みなさんこんばんは。
さて、今回のお題はこんなことになっています。
【今回の学び】
・最初の別れ道?
何のことだか分かりませんね、謎です(笑
ではさっそく本日の講座を開始して、謎を解きましょうか!
(前編だけど……)
【Blender-99 絶対に挫折しない3DCG入門 -16 最初の別れ道(前編)】
生徒の皆さんは血を吐くような努力の末(大げさ)、とうとう一脚の椅子をモデリングすることに成功されたかと思います。
でも、3Dビューポートで椅子をぐりぐり見ているだけではつまりません。
このBlender-99の今までの連載で、冒頭のアイキャッチ画像などで、3Dビューポートのキャプチャとは全然違う見栄えの画像が貼られていたことに気がついているかと思います。
例えばこんな画像です。

何だかリアルですね。
眩しい陽射しが白い部屋に置かれた椅子を照らし、気持ちの良い影が床に落ちています。影の中にも自然な明暗があって、まるで写真で撮影したようです(そこまでではないですが)。
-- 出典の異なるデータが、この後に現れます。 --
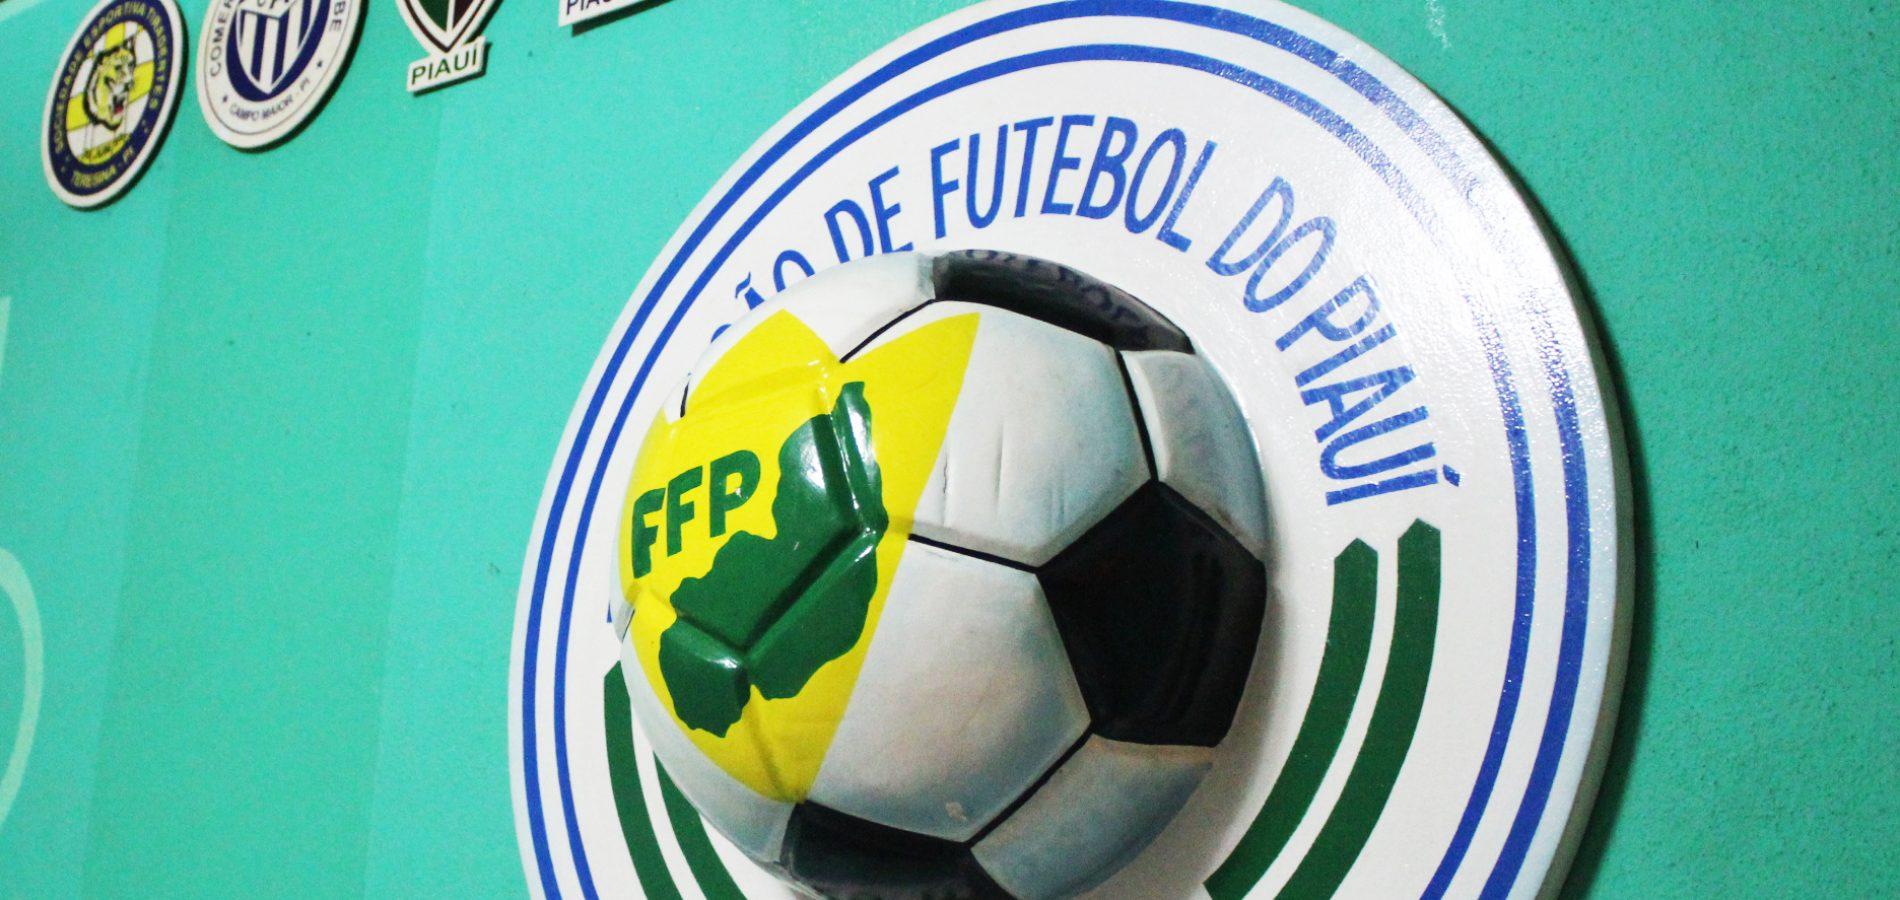 FFP divulga regulamento específico do Campeonato Piauiense Sub-17

3Dビューポートをどうこね繰り回しても、こんな見栄えにはなりません。
こんな画像を作るのが、「レンダリング」という計算工程です。
でも、実はBlenderの標準状態ではこんなレンダリング画像を作ることは出来ません。それが、今回のお題の別れ道です。
おなじみ、Blenderの起動画面を見てみます。

画面の右上に書かれている文字にお気づきでしょうか?
「Blender Render」となっています。
ここをクリックすると、こんな表示が出ます。
3つの選択肢があります
最初から選択されている標準状態が、この「Blender Render」なのですね。
と言っても、何のことを話そうとしているのか分かりませんよね。
では、「レンダリングって何でしょう?」というところから、始めます。
CGソフトの画面(3Dビューポート)には、色々な表示状態があります。
3Dビューポートのすぐ下にある球体のアイコンをクリックしてみましょう。

「シェーディング表示」と「ワイヤーフレーム」表示を覚えていますか?
実はBlenderには、その他にもこんなにたくさんの画面表示の方法があります(実はもっとありますが、それはまたずっと後のお話)。椅子のシーンを使って、下からちょっと順番に見てみましょう。
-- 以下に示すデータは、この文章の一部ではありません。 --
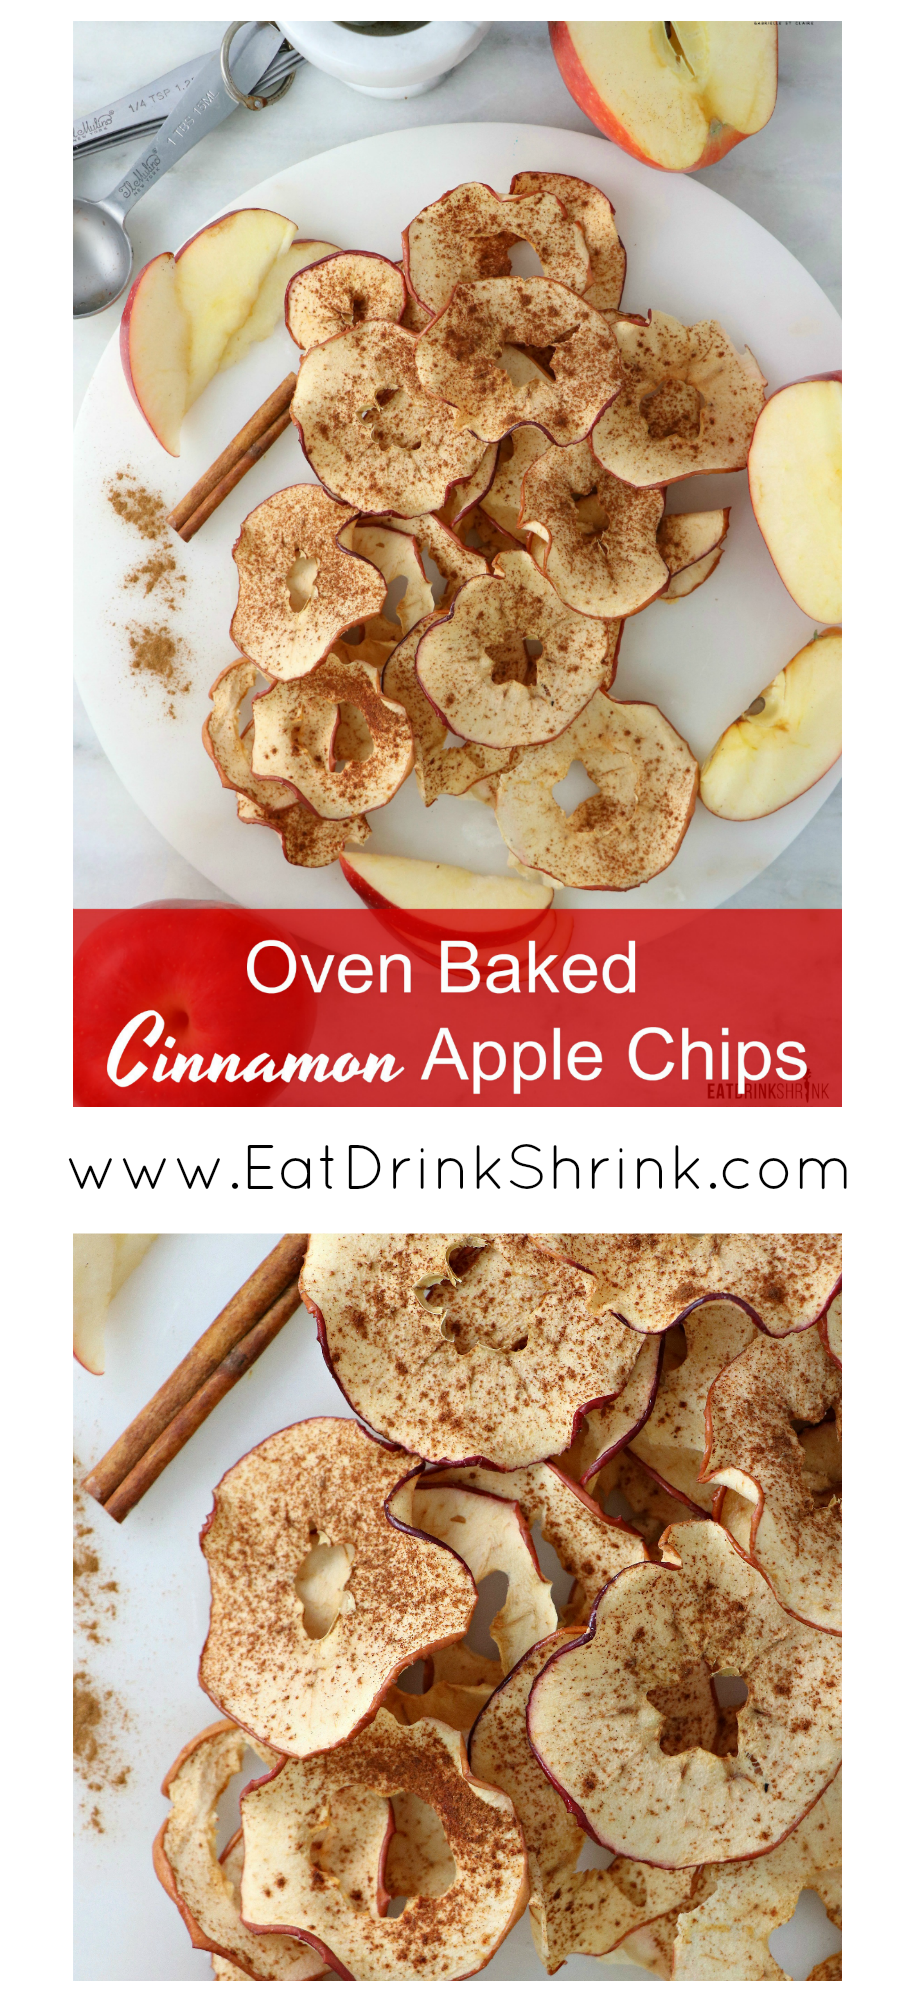 Vegan Baked Cinnamon Apple Chips - Eat. Drink. Shrink.

「バウンディング・ボックス」表示。オブジェクトの塊を囲む境界線として表示されます。 Arrayで増やした背貫は、全体で一つの塊としていますね。これは、シーンにオブジェクトがたくさんあり過ぎて3Dビューポートの表示が追いつかないときなどに使います。どんなに複雑なシーンでも、このバウンディング・ボックス表示にすればサックサクに動くわけです(例外もありますが、ね)。
こちらも見慣れた「シェーディング表示」です。この画像では色を付けていますが、レンダリング後の〈最終結果〉とはやや異なる〈色だけ〉の表示です。
こちらは「テクスチャ表示」。今回のものは木目の画像を質感付けに使用してみました(まだ学んでいませんが、例示のために……)。その画像が「テクスチャ」として貼り込まれた様子が確認出来ます。
こちらは「マテリアル表示」。実際の質感にやや近い色になります。表示にやや時間のかかる場合もあります。時と場合によって、テクスチャ表示と似たものになります。
これがレンダリング表示です。これだけ、画面の上に時間が表示されています。この表示だけは表示が完了するまでに時間が掛かり、瞬時には表示されません。実際にレンダリングの計算を行なっているのですから、ね。
レンダリング表示、きれいですね。他の表示が「だいたいどんなものか分かる」程度なのに比較して、まるでそこにものがあるように出ています。光がどんな風に当たって、どんな影が床に落ちて、椅子のどの部分が床の白い色を受けて反射しているか、まで分かります。
そう、この「光がどんな風に当たっているか、反射しているか」などを計算することが、レンダリングです。レンダリング表示以外は「光の強さ」が表示に影響を与えることはありません。レンダリングは光の計算を行なっているので、光が強いと当然明るくなります。
光を強くしたものを見てみましょう。
光の強さを倍にしています。全体的に明るくなり、椅子への白い映り込みもより白くなっています。
今度は一気に8倍にしてみました。全体的に更に明るくなり、座面の木目が明るくなりました。白い床からの映り込みで脚が白過ぎるほどです。
でも、冒頭に上げた画像とはなんだか違いますよね。雰囲気が全然違います。何が違うのでしょう?
そう、影や陰の中に空の色がありませんし、映り込みも白過ぎて不自然です。もちろんこれは、僕の設定がちゃんとしていないせいでもありますが、根本的に違うことがあります。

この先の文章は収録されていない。